# Records shown
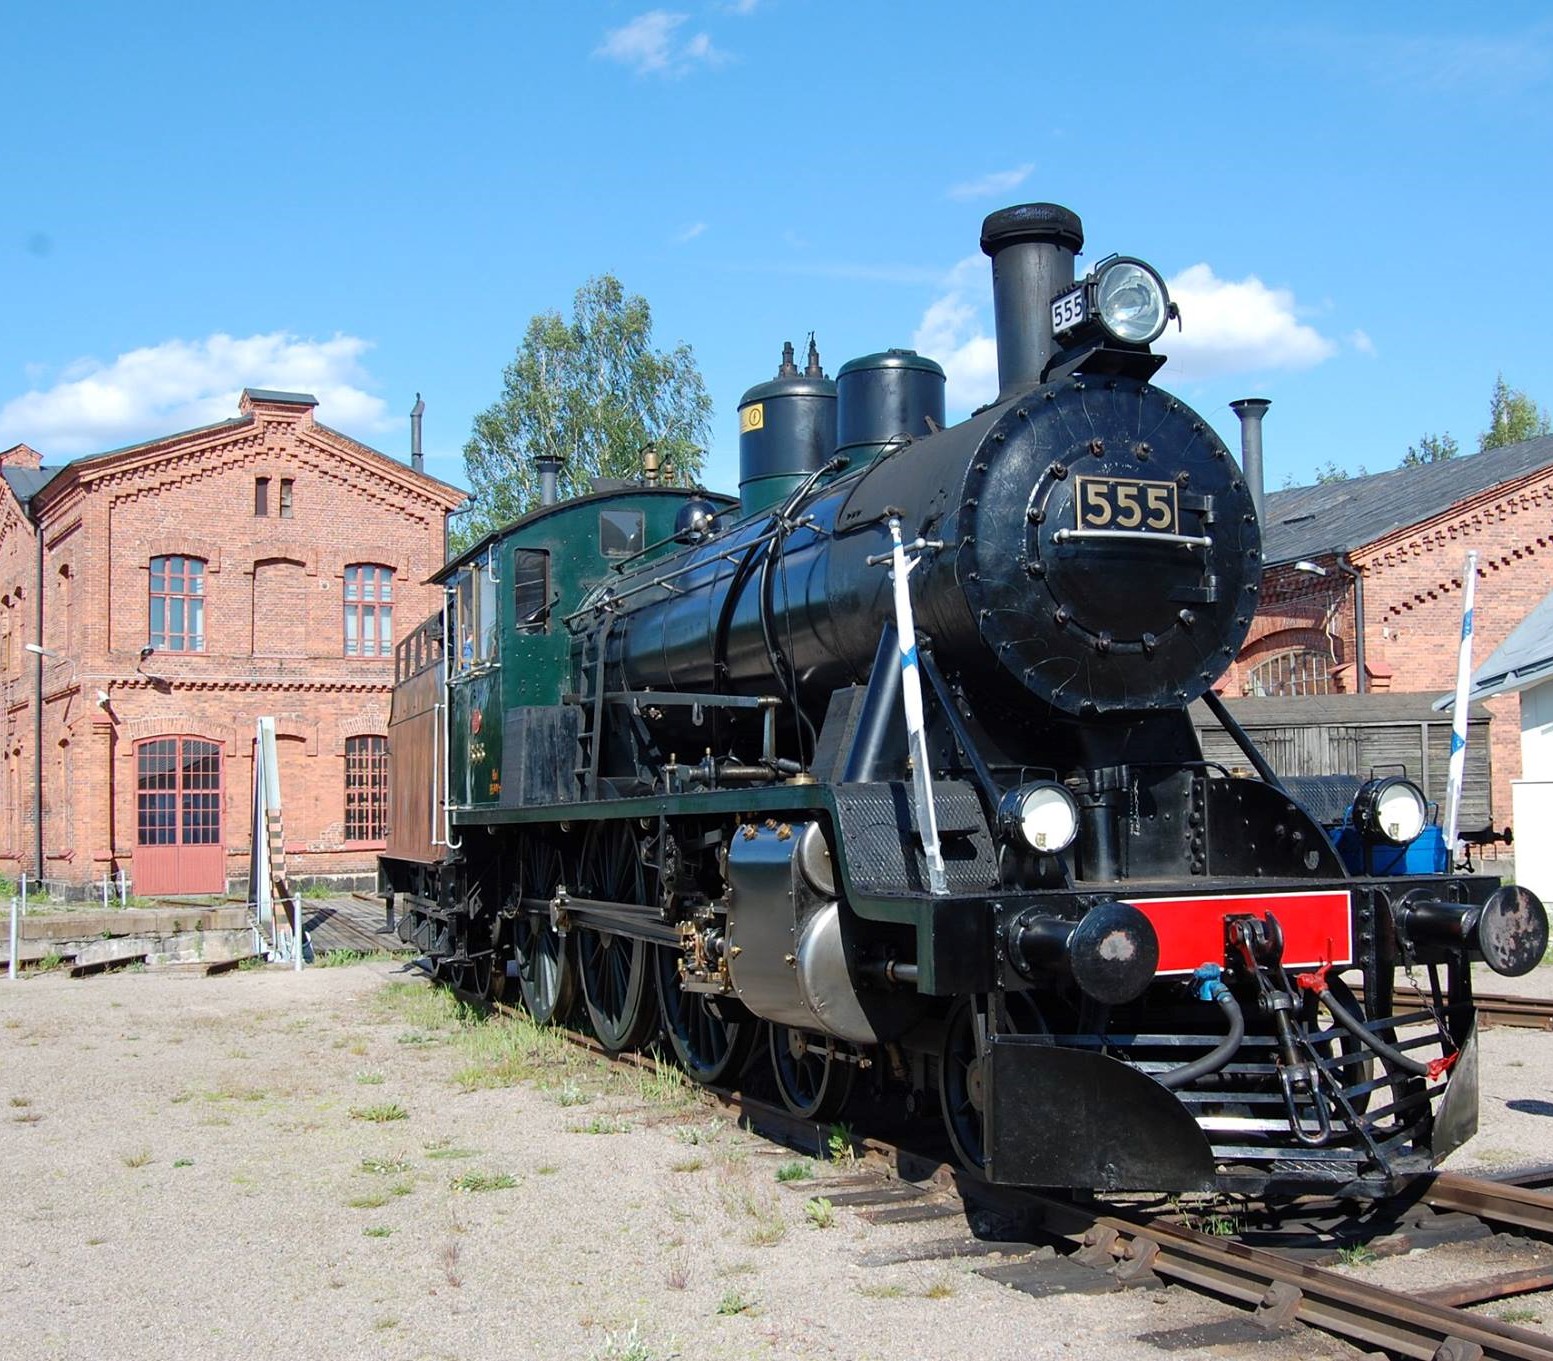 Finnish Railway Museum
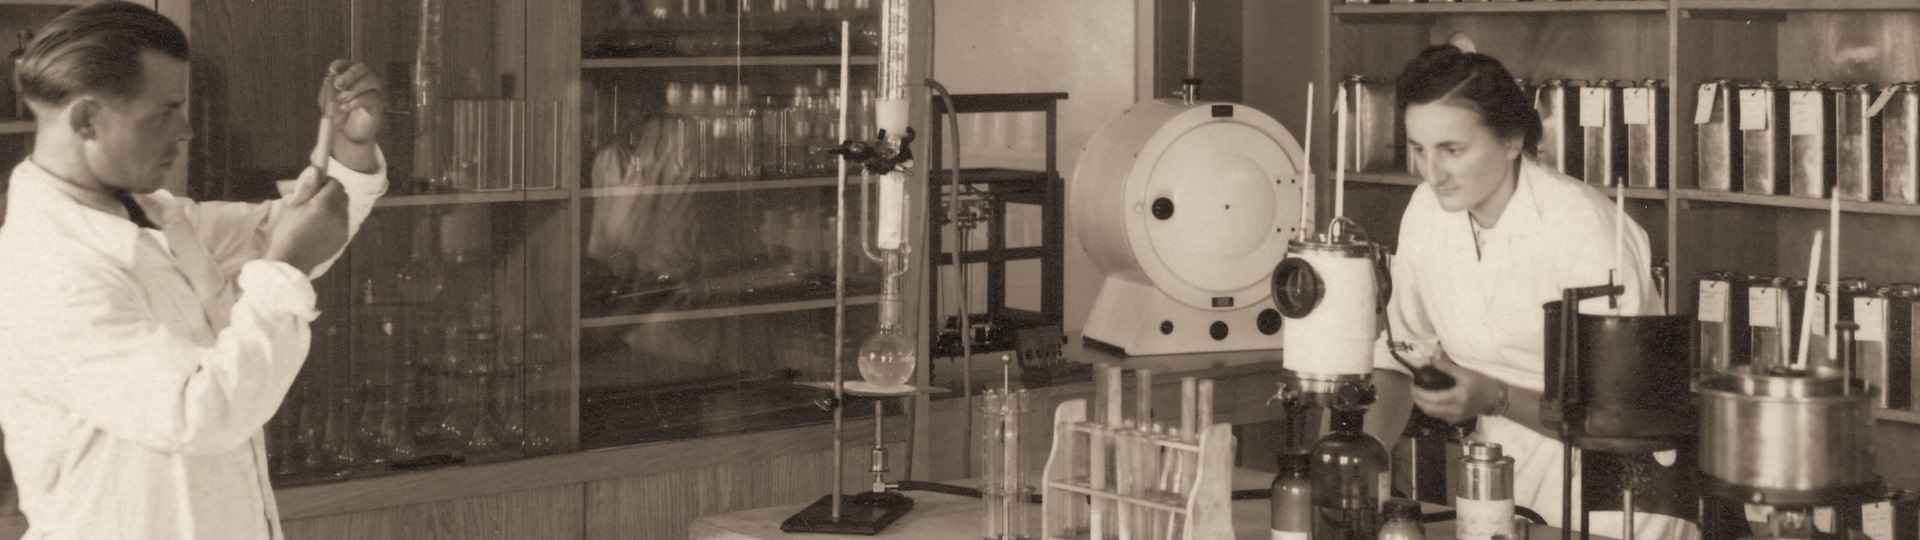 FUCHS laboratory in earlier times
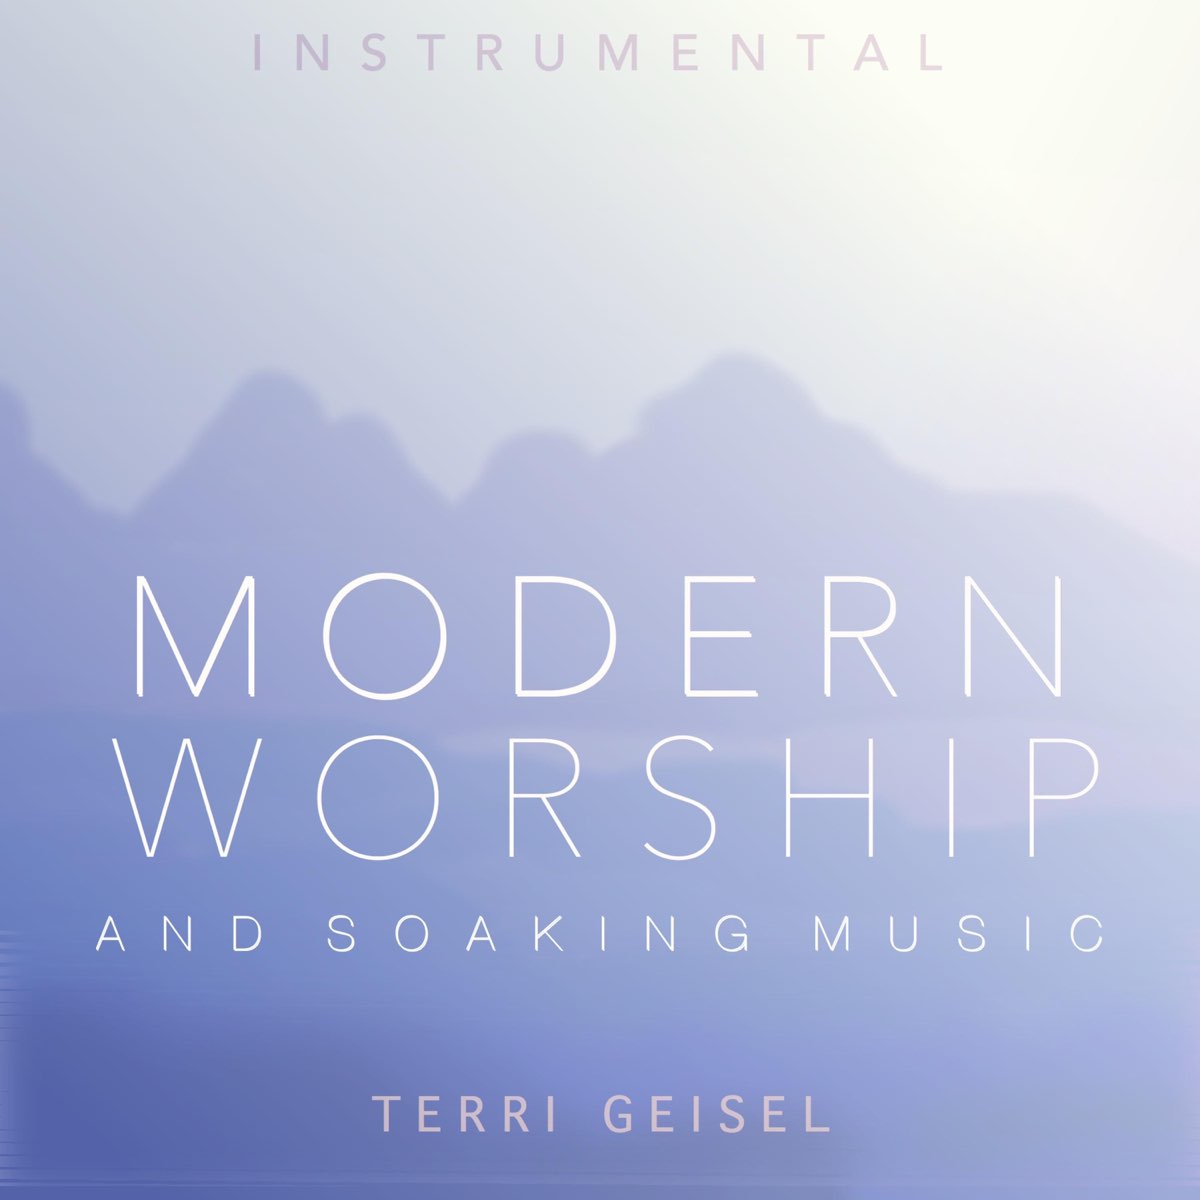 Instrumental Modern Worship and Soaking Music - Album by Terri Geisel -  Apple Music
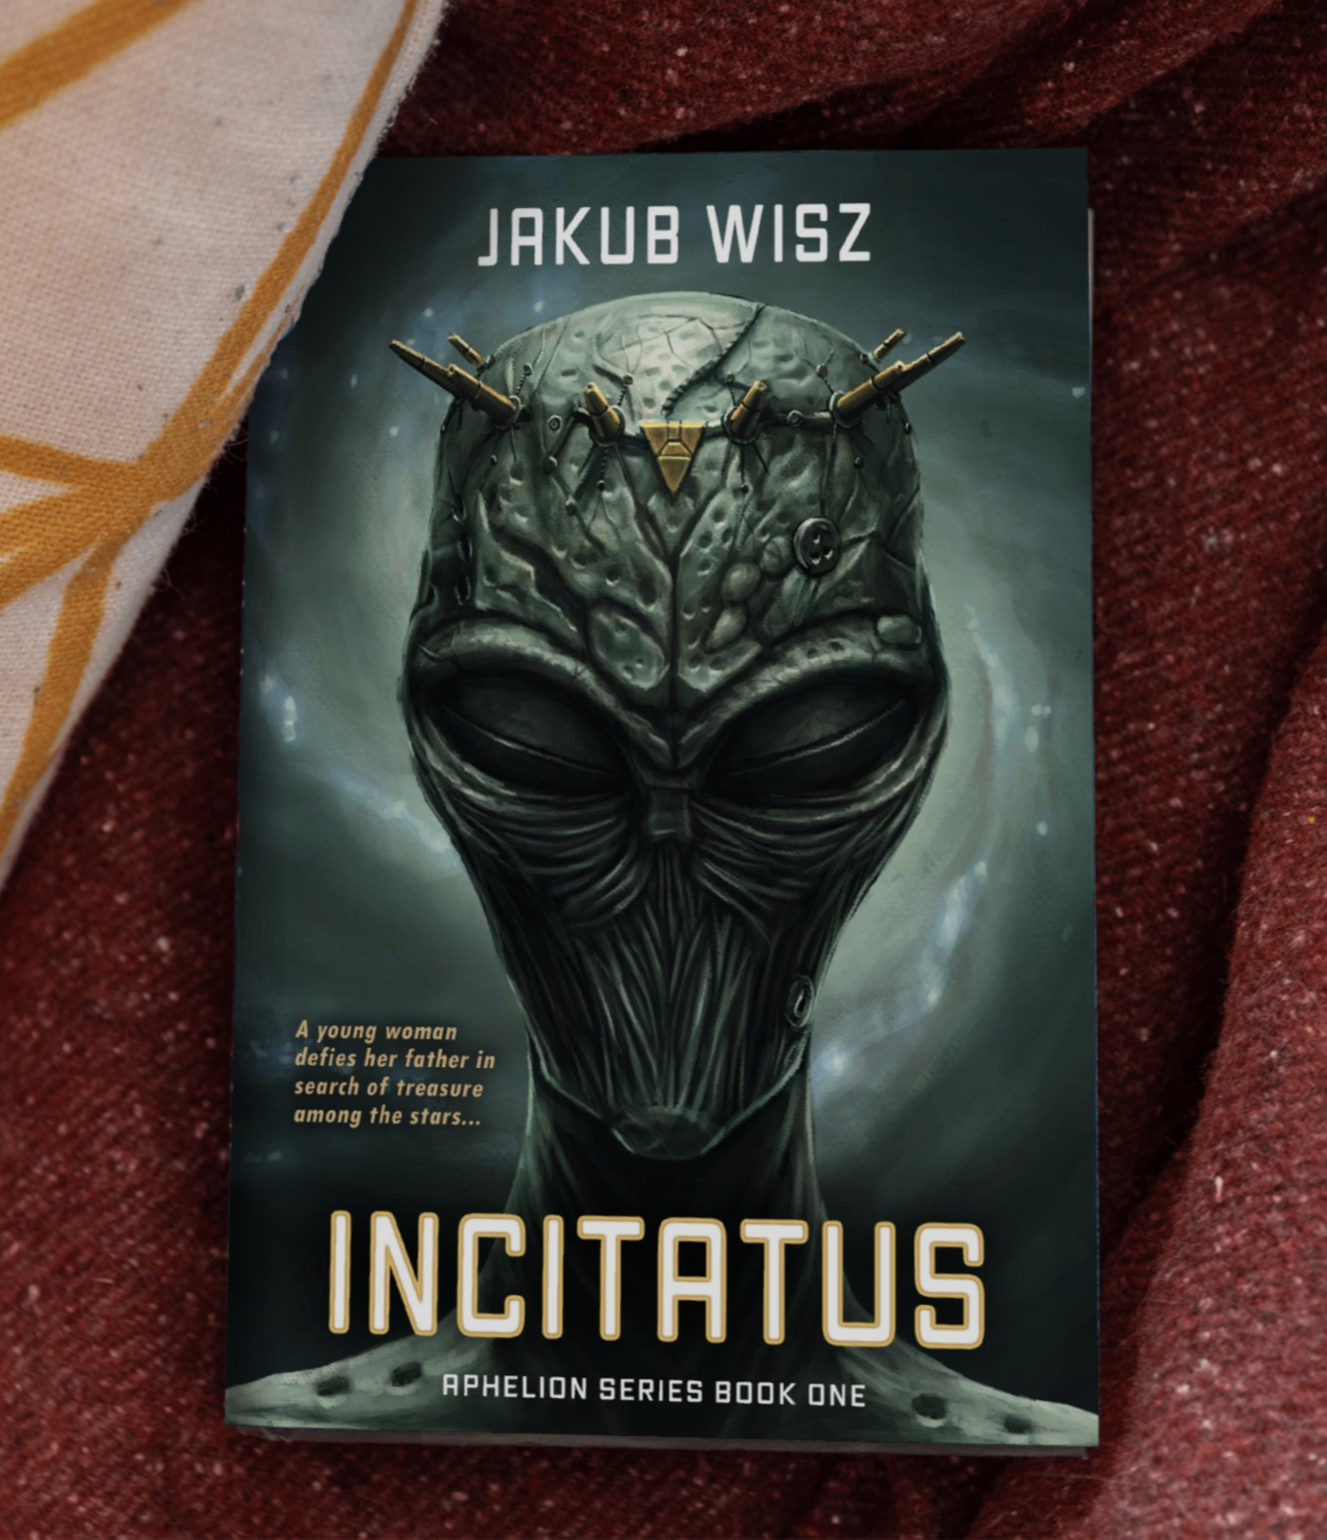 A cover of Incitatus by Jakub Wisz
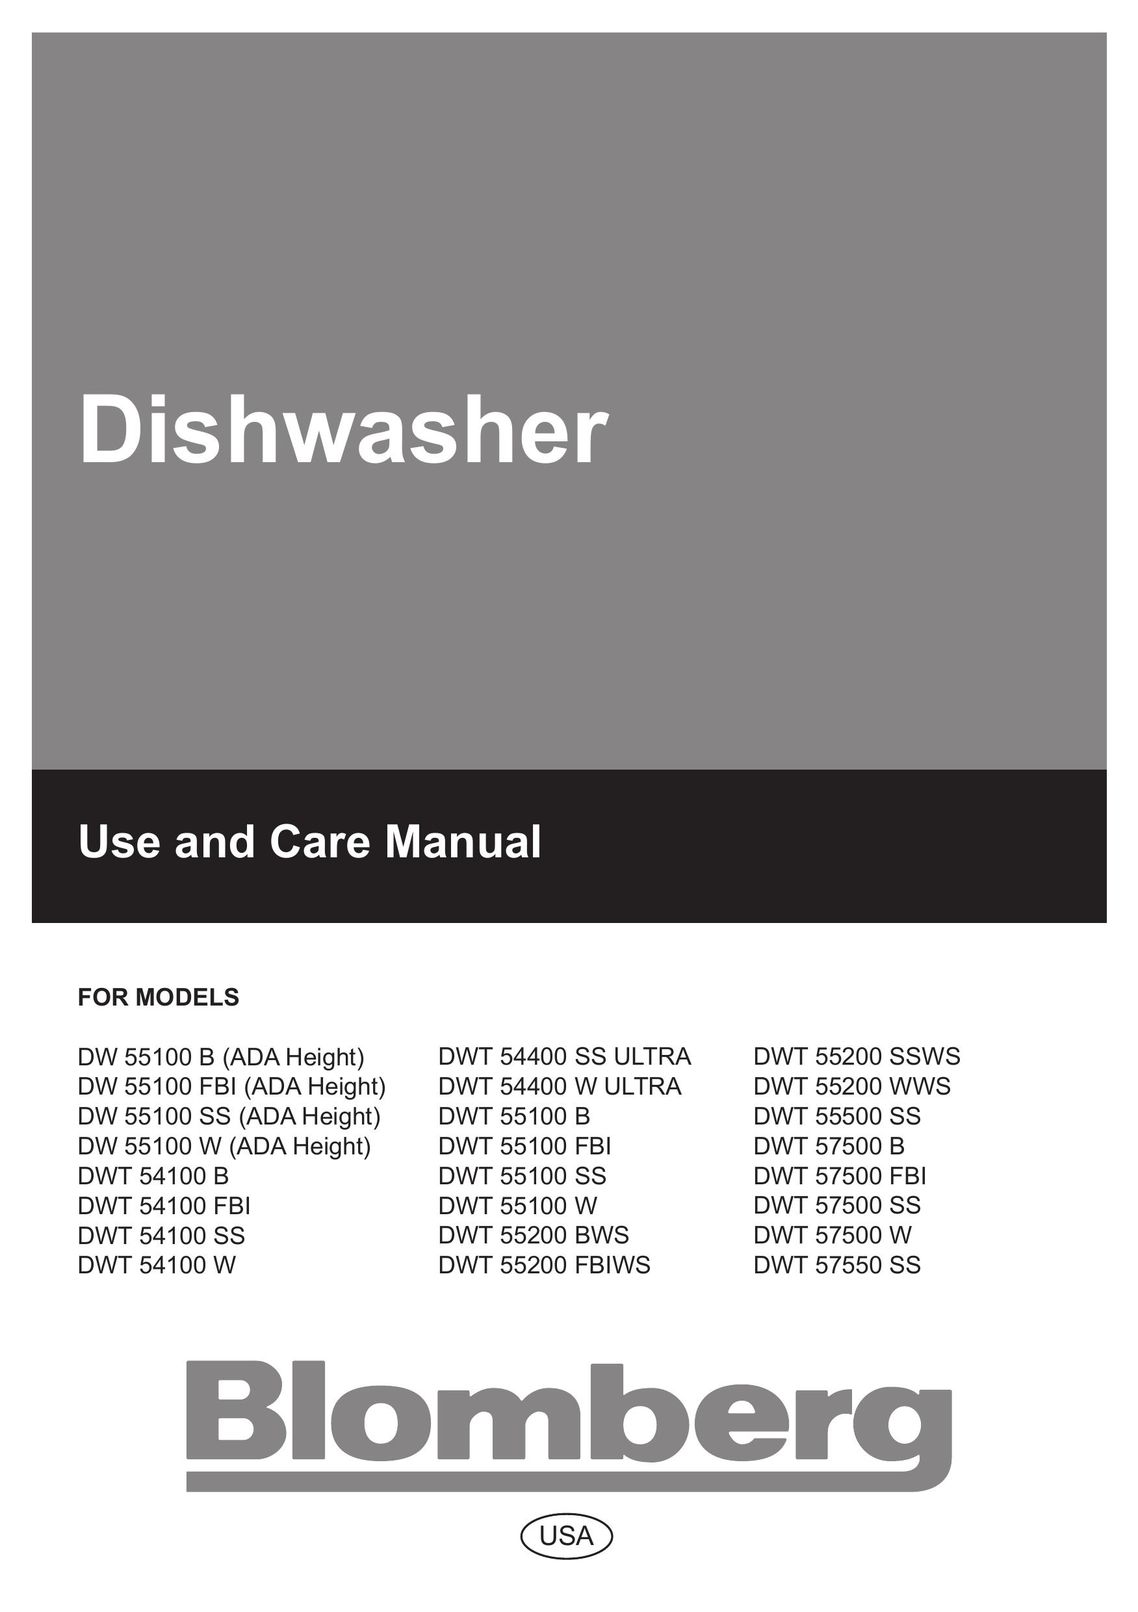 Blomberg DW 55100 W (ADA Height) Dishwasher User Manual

# Directions for this task
Each line from the one containing "Instrumental Modern Worship" through the last line of the listing must be copied exactly, and the pictures must not be.

# Problem solution
 Instrumental Modern Worship and Soaking Music - Album by Terri Geisel -  Apple Music
 A cover of Incitatus by Jakub Wisz
 Blomberg DW 55100 W (ADA Height) Dishwasher User Manual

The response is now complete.